Indirectly, AI creates huge leadership challenges.
Below are only a few dimensions relating to leadership and decision-making that leaders must consider:
- Impact of technology on our values and behaviour vs. leadership
- Ethical considerations in AI-driven decision-making vs. leadership
- Remote work and hybrid teams vs. leadership
- Rise of flexible work models vs. leadership
- Workforce optimization and automation vs. leadership
- Crisis management best practices vs. leadership
- Cybersecurity threats and defense strategies vs. leadership
- AI and machine learning for operational efficiency vs. leadership
- Data-driven decision-making, analytics, and business intelligence vs. leadership
- Digitalization changing the business landscape vs. leadership
- AI impact on local supply chains and delivery, e.g., robot transports vs. leadership
- Future reward systems and incentives vs. leadership
It’s easy to make a list like this. It’s much harder to truly understand how all this impacts leadership and decision-making processes for business leaders.
- This concerns every company, every business activity, also public and non-profit organizations.
- Even those who feel relatively safe today are not immune.
- The business world is now like a huge interdependent organism.
- What happens elsewhere will eventually impact everyone.
And the future now comes much faster than before. And this is not just about technology. This is about leadership.
- AI will impact company functions, processes, and best practices.
- It will impact company values and cultures.
- How people think.
- How they work.
- How they are led.
- How they want to be led.
The future will challenge leaders more than ever before. But no matter how fast the world changes, the fundamentals of leadership will not.
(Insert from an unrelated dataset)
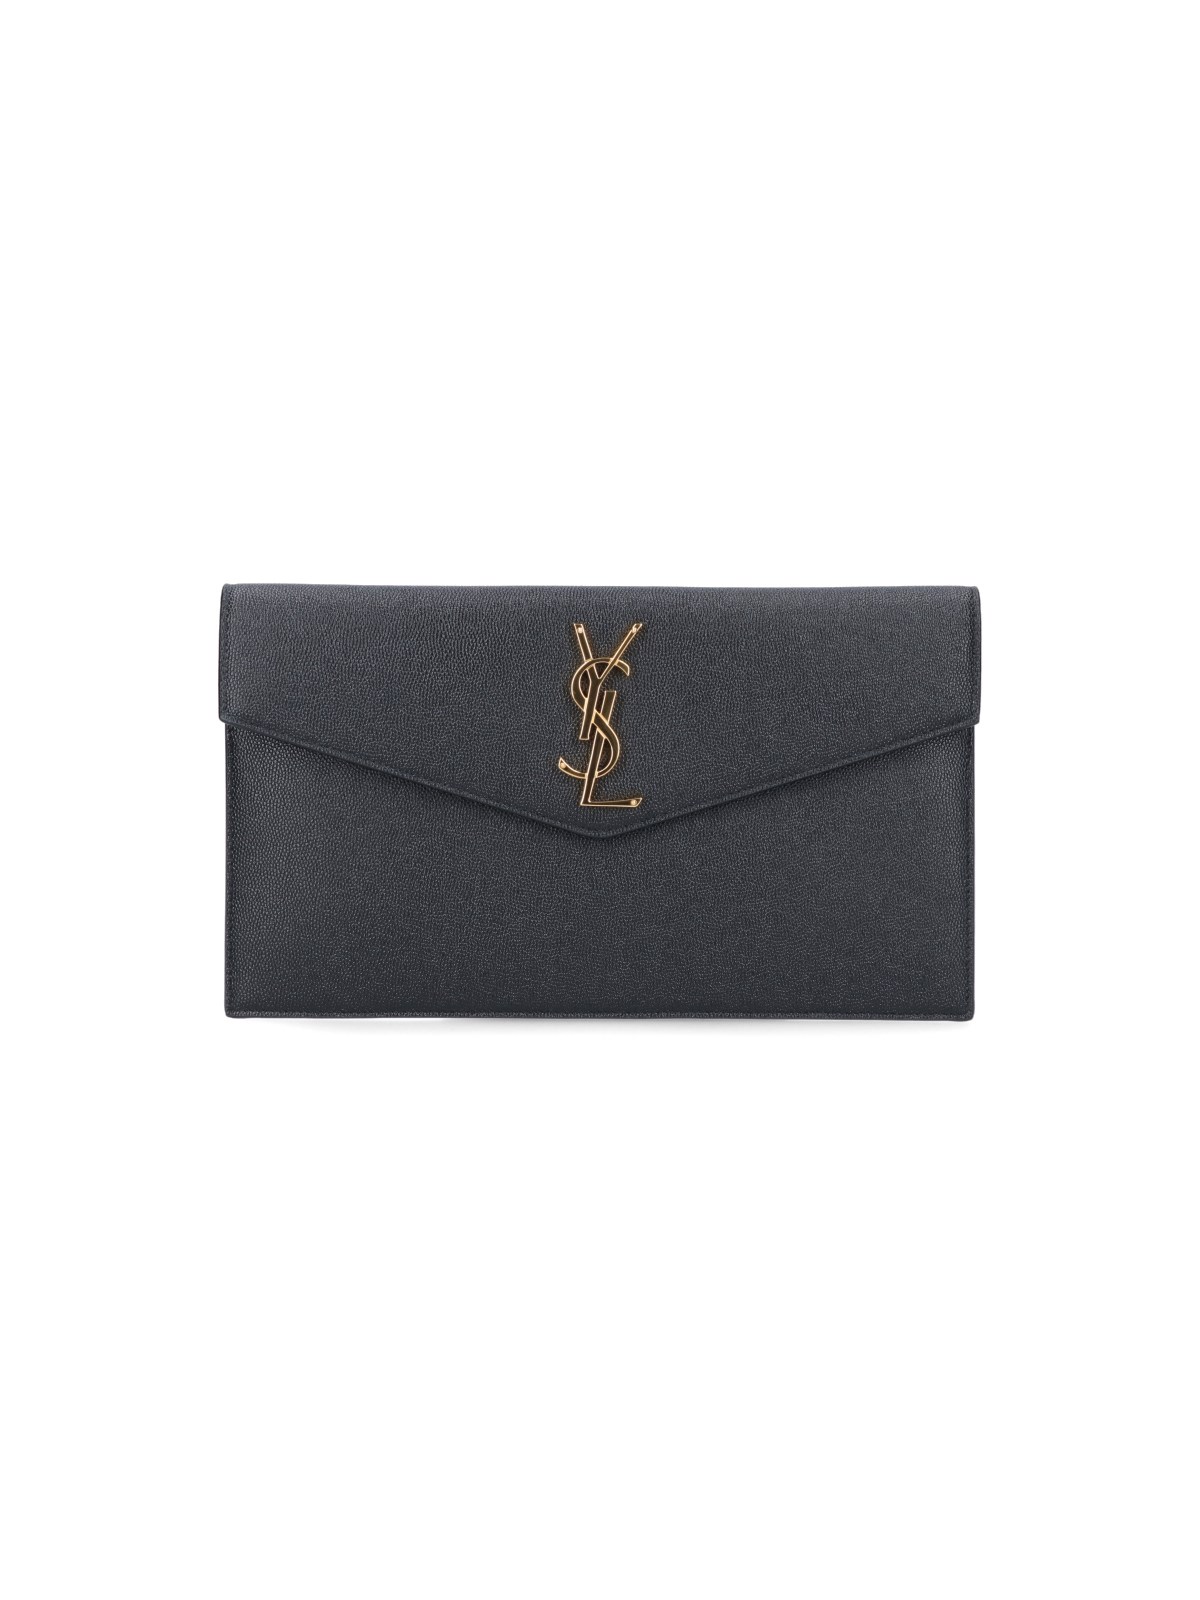 First YSL Purchase - Uptown Pouch

Things like leading from the front, vision and strategic thinking, commitment, righteousness, trust, respect for others and a will to make the difference will be just as important as ever.
Lastly: My experience of different leadership styles
Polar Express:
A leading Finnish company operating internationally in transport and forwarding. I reported directly to the CEO, a top leader in his field. Very competent, very demanding, very result-oriented, fast-moving, and fair. On the minus side, distant and busy. However, he always had time for me when I needed it. He trusted me and allowed me to do my job independently. He also clearly showed his appreciation for me and my work. I liked him very much and appreciated him highly.
EXS (MPS Enterprises):
I had a direct superior but also worked closely with the CEO. Both were very different. My superior was outgoing, people-oriented, sales-oriented, and result-oriented. The CEO was a senior-level top executive, very issue-oriented, authoritarian, most demanding, and result-oriented.
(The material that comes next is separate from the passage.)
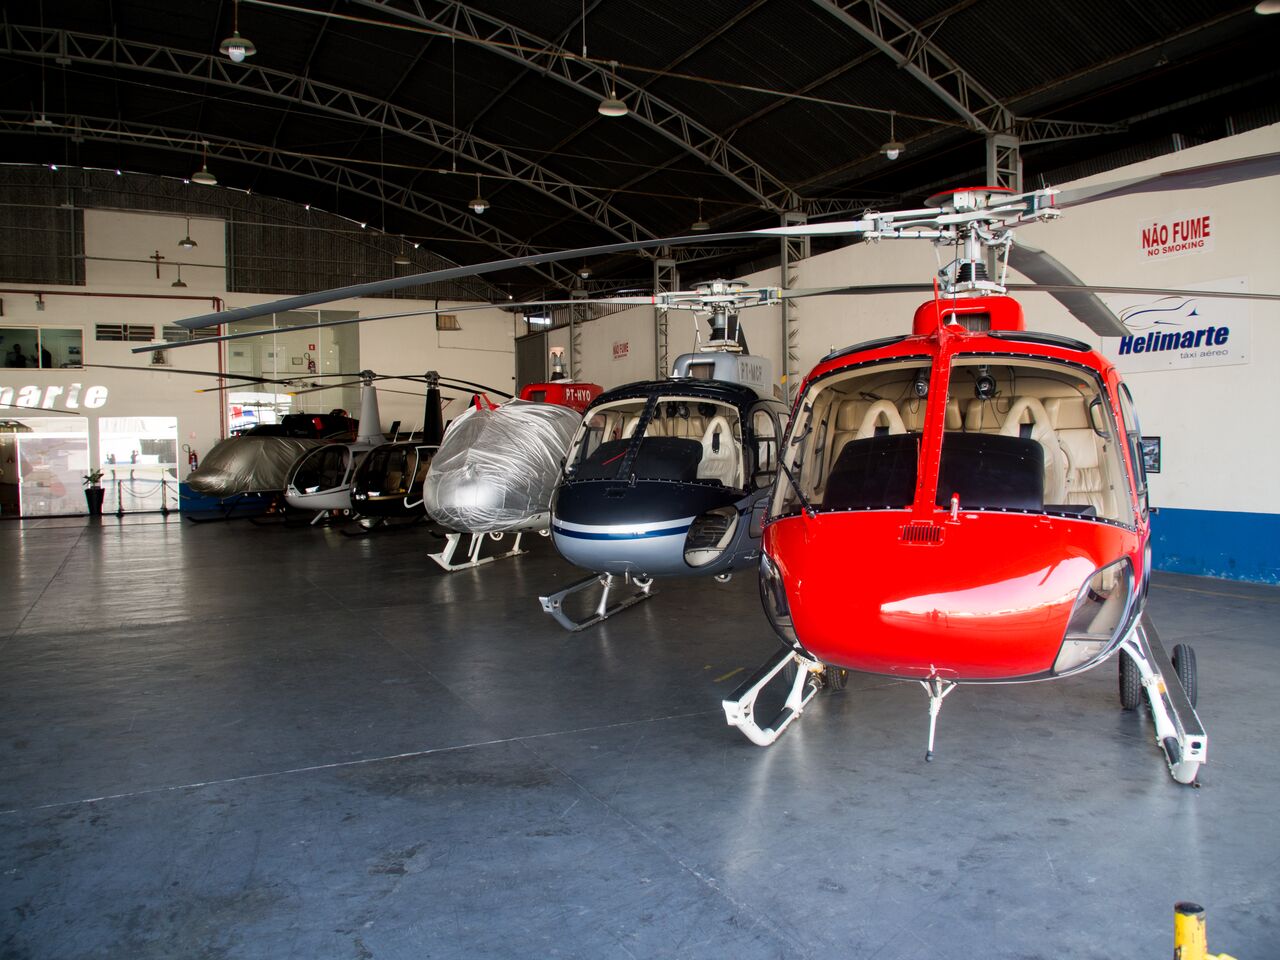 Demand for helicopter taxis has plunged. Photo: Heriberto Araújo

Both were great leaders/managers in their own way, demanding a lot but at the same time supporting, encouraging, training, and sharing their knowledge with me. MPS Enterprises was a family company, so I also dealt with the owners. From them, I learned even more. The ownership dimension was never present in our interactions. I was always treated as an equal and was listened to. I very much liked both owners and the demanding but, at the same time, encouraging, positive, and open corporate culture they had created.
Boyden:
One of the world’s leading international executive search companies. I worked at Boyden Helsinki for 21 years. Here the leaders—the partners—created an atmosphere and working environment like this:
I quote what I have said before:
“All my superiors and colleagues were truly skilled and professional people who taught me what teamwork is, what a never-give-in attitude is, and what always giving your everything is all about. How working hard can also give room for good humour and a good atmosphere. Not a day passed without hearing laughter from some room. A real dream team if you ask me.”
This tells everything about what kind of leaders and leadership we had.
These three companies taught me that not all good leaders come from the same mould, but that very different types of good leaders exist.